Saturday, June 10, 2017

England Not Immune To Problems Created By Sticky-Fingered Lawyers

From a blog post by the London, England-based law firm Herbert Smith Freehills LLP:
  • This blog post will consider a number of recent cases in England where solicitors have been convicted of offences or struck off the register for misappropriating client funds from deceased estates. These shed light on the surprising levels of abuse uncovered by the Courts and the English Solicitors Regulation Authority (the “SRA”), and the zero tolerance approach taken to solicitors who seek to personally benefit from the trust placed in them by their clients.

    A number of common themes run through the cases, namely that offenders have often sought to explain and justify their actions through desperation, ill health and financial hardship. Further, the solicitors in question generally practised in local firms or as sole practitioners, where clients place a high degree of trust in them due to their geographical proximity and personal familiarity. Finally, the offences appear to have taken place over a number of years, with initial abuse turning into a pattern of offending.

    During its investigations the SRA asserted that it is only in exceptional circumstances that a solicitor found to have acted dishonestly will avoid being struck off the register. Explanations and mitigating circumstances advanced in the cases below were not sufficient to overcome the serious breaches committed and the need to uphold public confidence in the legal profession.

    Simon Kenny, Emma Coates and Stephen Hiseman

    Kenny (60), a former deputy district judge, his assistant Coates (47) and Hiseman (60), a "fee earner" in their firm CK Solicitors who had no legal qualifications, were convicted of fraud and jailed in January 2017.

    The fraud

    The trio were involved in the transfer of monies from CK Solicitors' client accounts over a period of four years, telling staff that monies were being moved to offshore accounts due to the Northern Rock banking crisis. At one point, approximately £60,000 of client money was transferred to Hiseman's own foreign bank account. Hiseman had also misappropriated approximately £5,000 from a client through misrepresenting the outcome of a debt settlement.

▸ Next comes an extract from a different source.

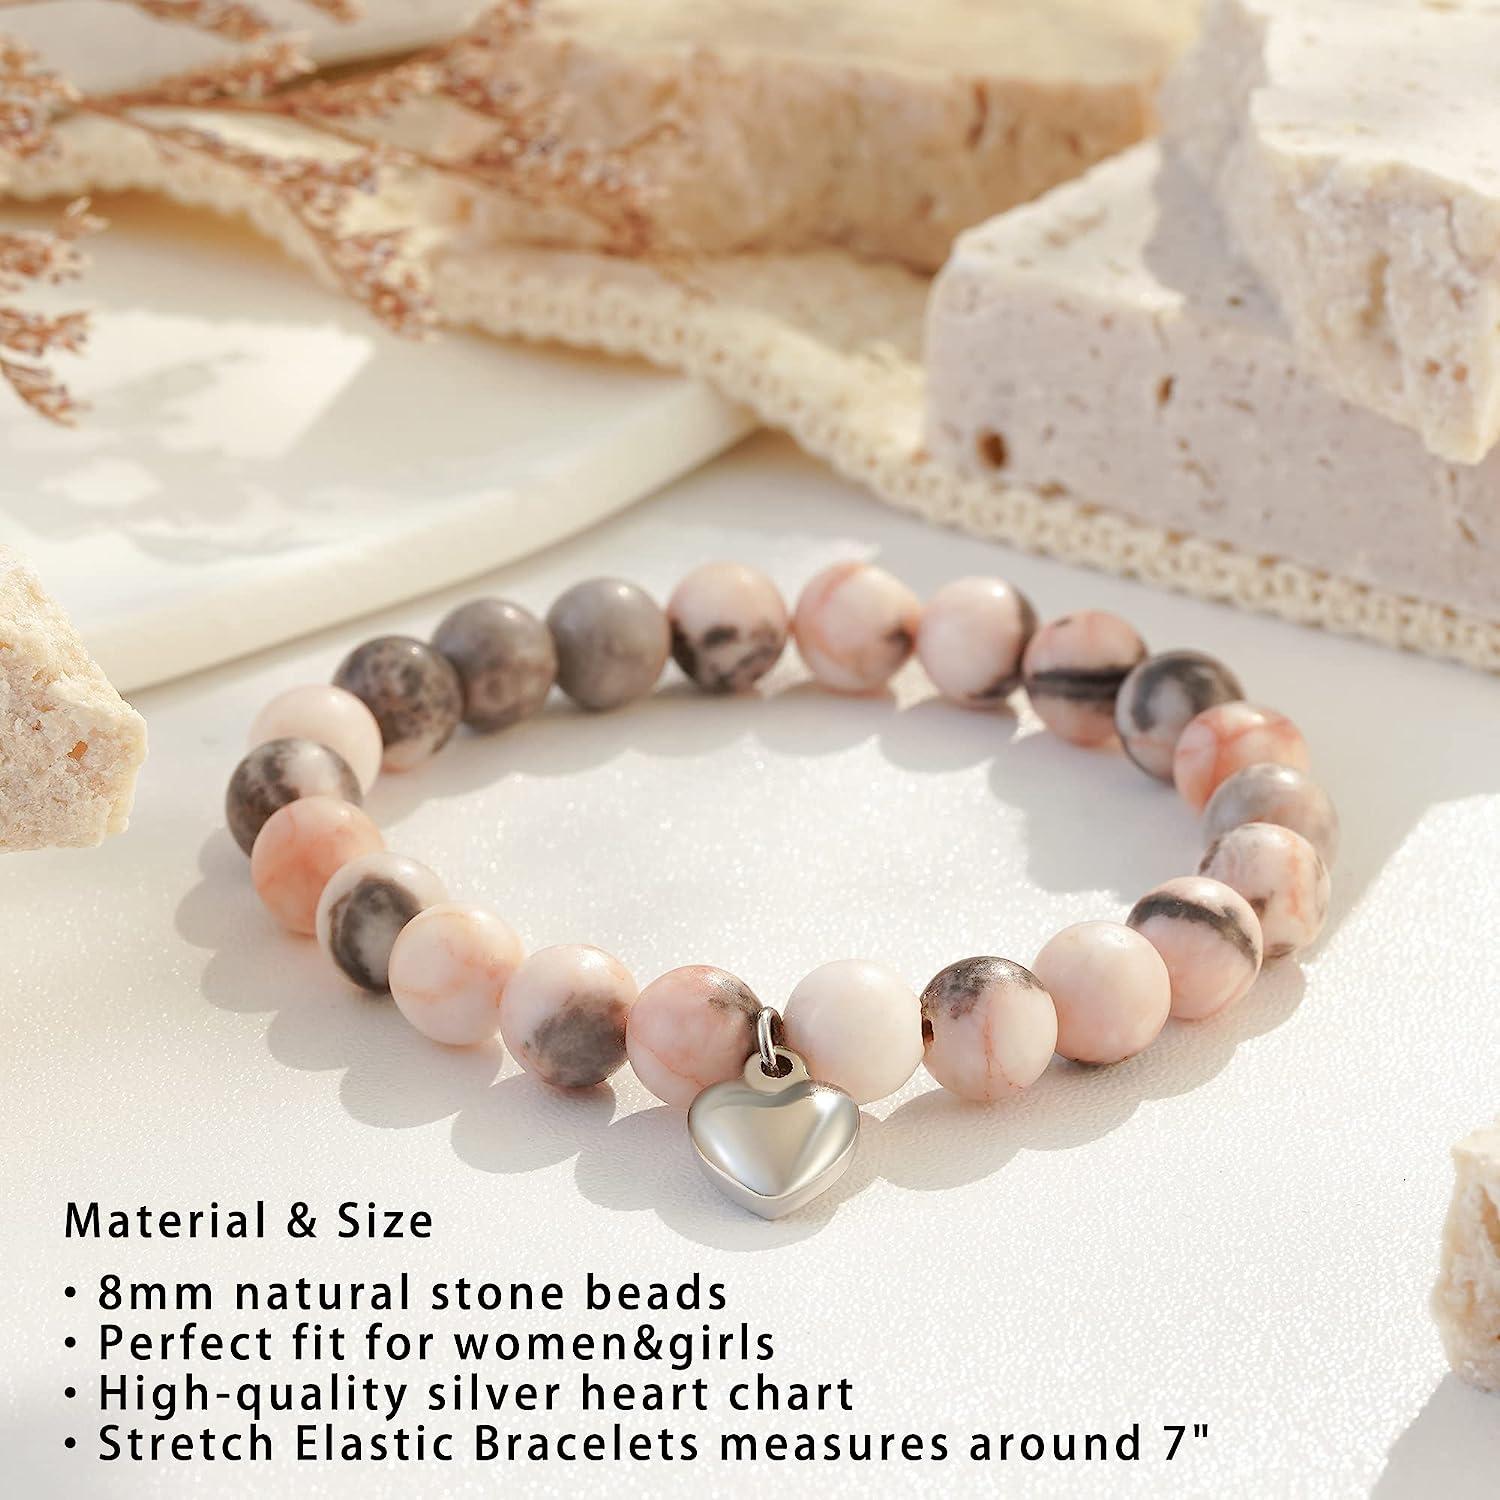 Lotus Charmed Aroma Bracelet Natural Stone Prayer Jewelry For Women,  Perfect For Health, Fashion, Parties, And Yoga Lucky Blessing Gift R230905  From Stylishchannelbags, $11.31 | DHgate.Com

    When CK Solicitors was shut down by the SRA in 2011, Coates established another firm, Coates and Co., and continued to misappropriate £85,000 from the estate of an elderly client.
    ***
    Linda Mary Box

    Box (67) was a senior partner at Dixon Coles & Gill when she misappropriated £4 million of client money, around £2 million of which was taken from deceased estates.
    ***
    Giles Scott

    Scott (64) was a partner at Langleys Solicitors LLP when he abused his power of attorney over the accounts of four clients to make improper transfers totalling £468,712.
    ***
    David Christopher James Barr

    Barr (66) was a partner at Brighouses Solicitors in Southport when he misused hundreds of thousands of pounds worth of client money to expand his property portfolio and to settle personal debts.
    ***
    Conclusion

    The Courts and the Tribunal have emphasised the sanctity of the trust placed in solicitors by their clients and the risks posed to public confidence in the profession if solicitors abuse that trust for personal gain.

    It is clear that pleas of financial hardship, ill health and stress are insufficient evidence to justify a sanction other than a strike off for solicitors' dishonesty. Such circumstances are also unlikely to be taken as mitigating factors in Court.